Hitting a Wall: Salon Suite Model Feasibility with SBA Financing
September 04, 2025
by a searcher in Atlanta, GA, USA
Over the past few weeks, I’ve been analyzing the salon suite model and I’m coming to a realization:
For investors with cash, these properties can work. They typically return 8%+ cash-on-cash in an all-cash deal, which makes sense for yield-focused real estate investors.
But as a buyer using SBA leverage, it’s a different story. When purchasing stabilized NOI salon suite CRE, the deals are often overpriced relative to SBA 7(a) terms. The debt service ends up overwhelming the NOI, leaving little to no free cash flow.

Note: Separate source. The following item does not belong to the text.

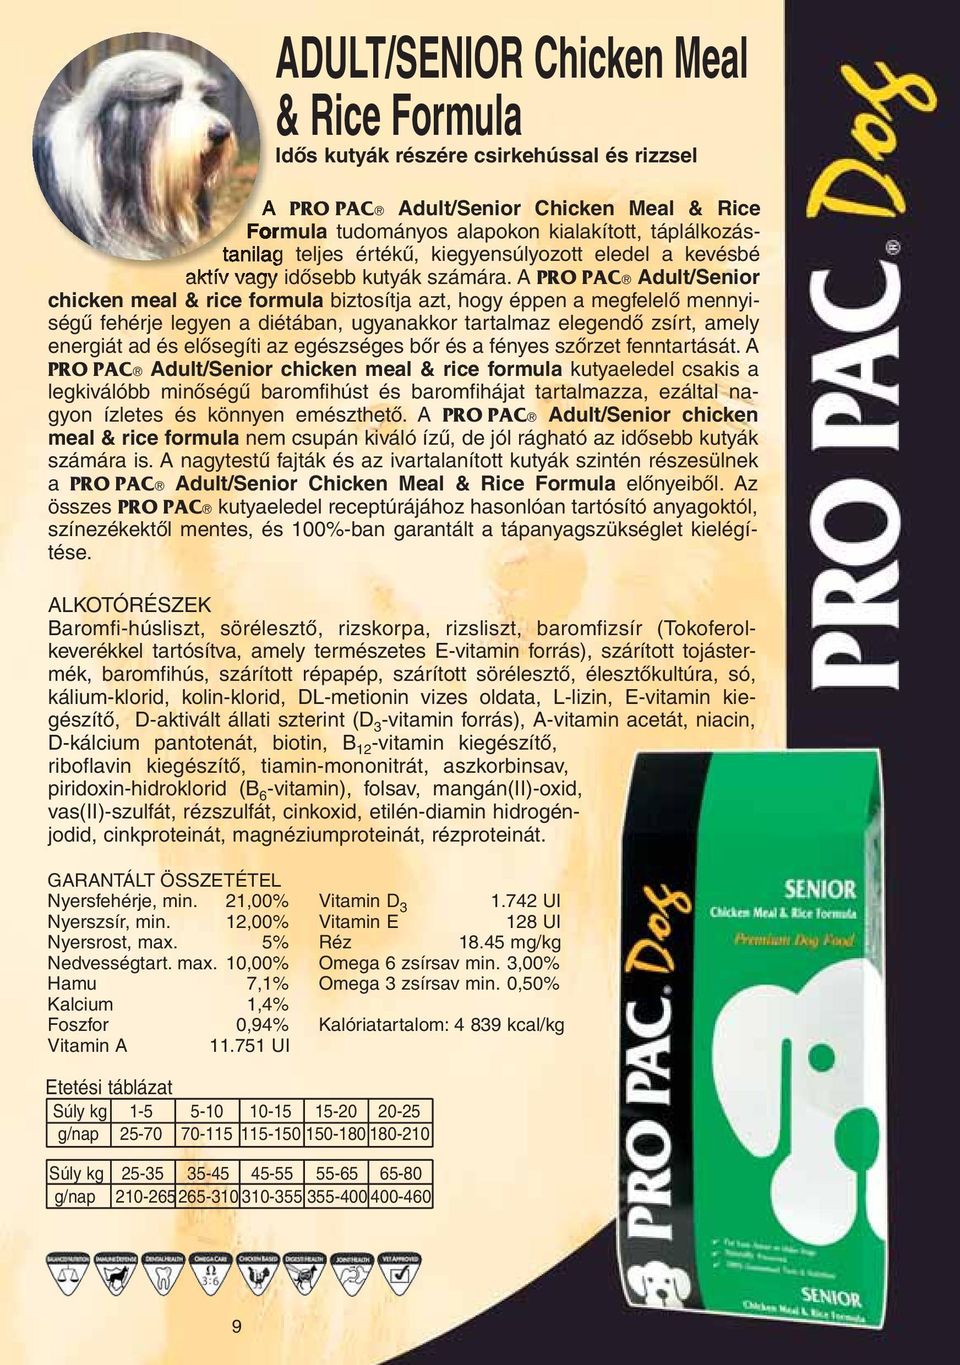 A PRO PAC Adult/Senior chicken meal & rice formula biztosítja azt, hogy éppen a megfelelô mennyiségû fehérje legyen a diétában, ugyanakkor tartalmaz elegendô zsírt, amely energiát ad és elôsegíti az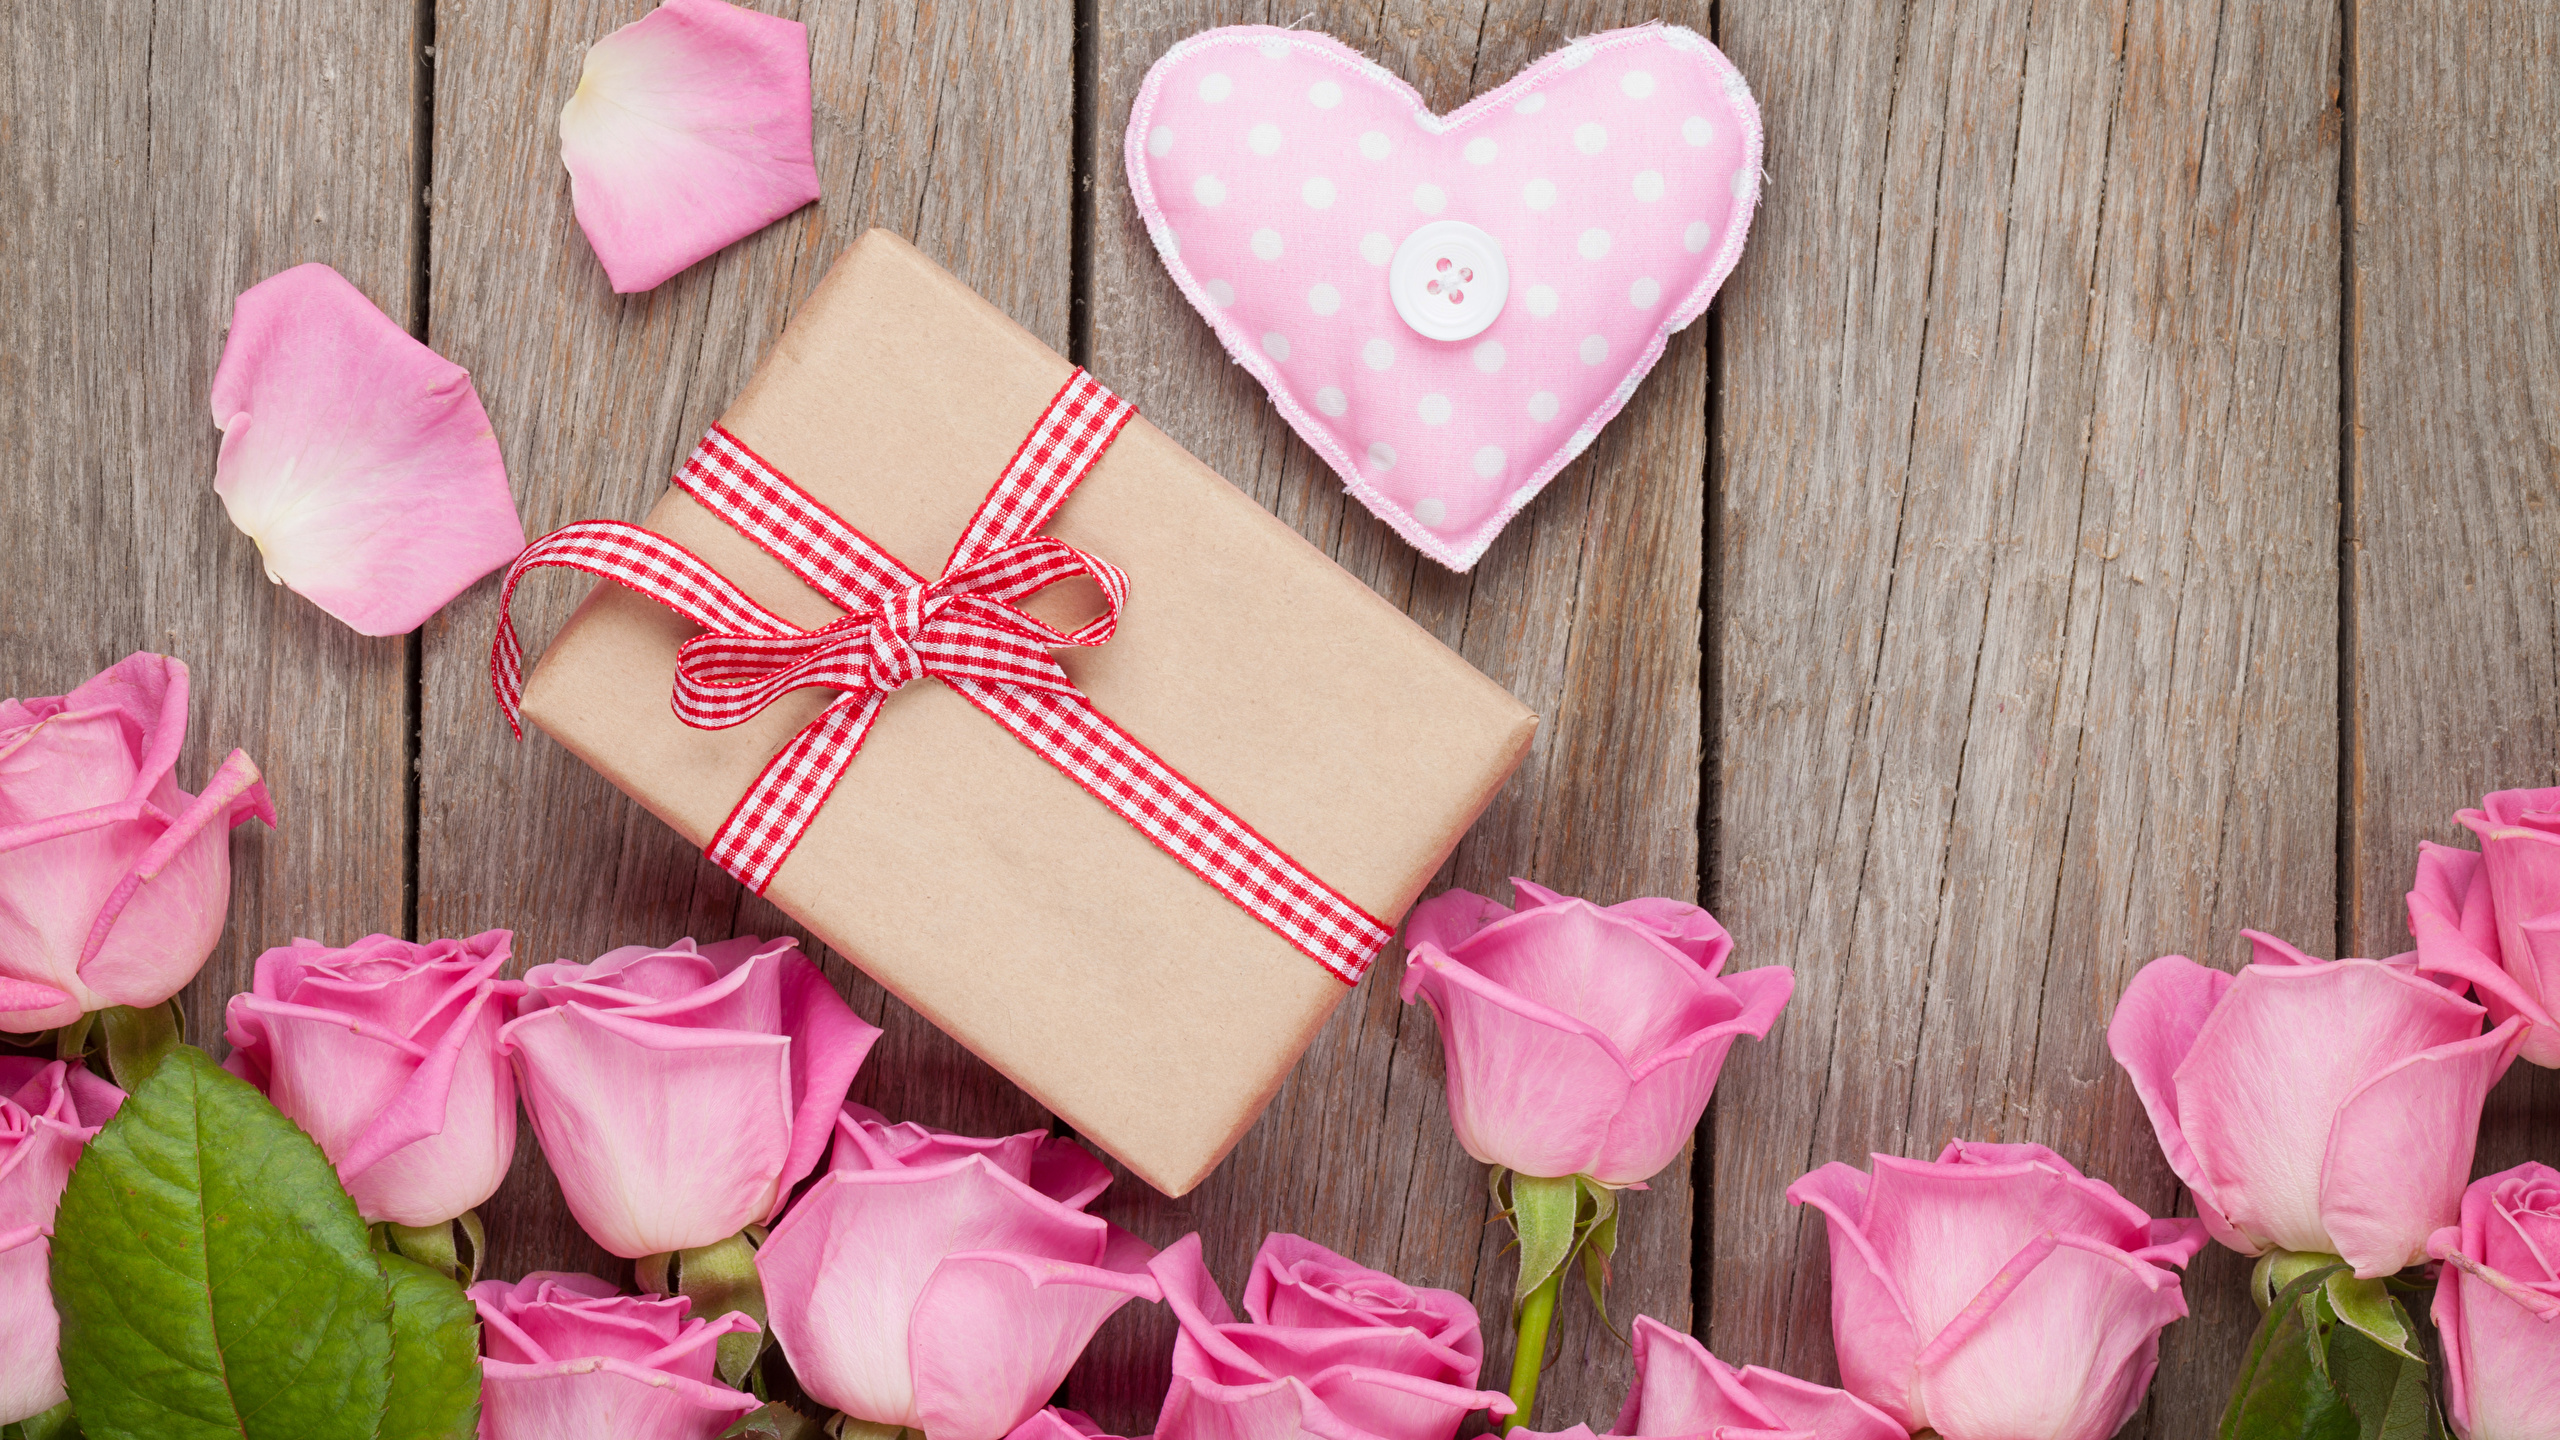 壁紙 2560x1440 バレンタインデー バラ 木の板 ピンク ハート 贈り物 花びら 花 ダウンロード 写真

An alternative approach is to buy a cheaper shell and do the buildout. This lowers the total cost, allows for longer 25-year amortization with SBA 504, and can produce a higher NOI. However, in practice the cash flow is still fairly anemic once debt service is layered in.
My conclusion so far: the suite model at small scale is equity-building, not income-yielding. To generate meaningful owner income, I’d need very large-scale buildings (100+ suites) and significant capital for buildout. That’s not easily achievable within my SBA-focused acquisition criteria.
Ask: Has anyone found a creative way to make the salon suite model work for an SBA-financed buyer? Or should I accept that this is primarily an all-cash / institutional investor play unless pursued at very large scale?
Appreciate any feedback or experiences others can share!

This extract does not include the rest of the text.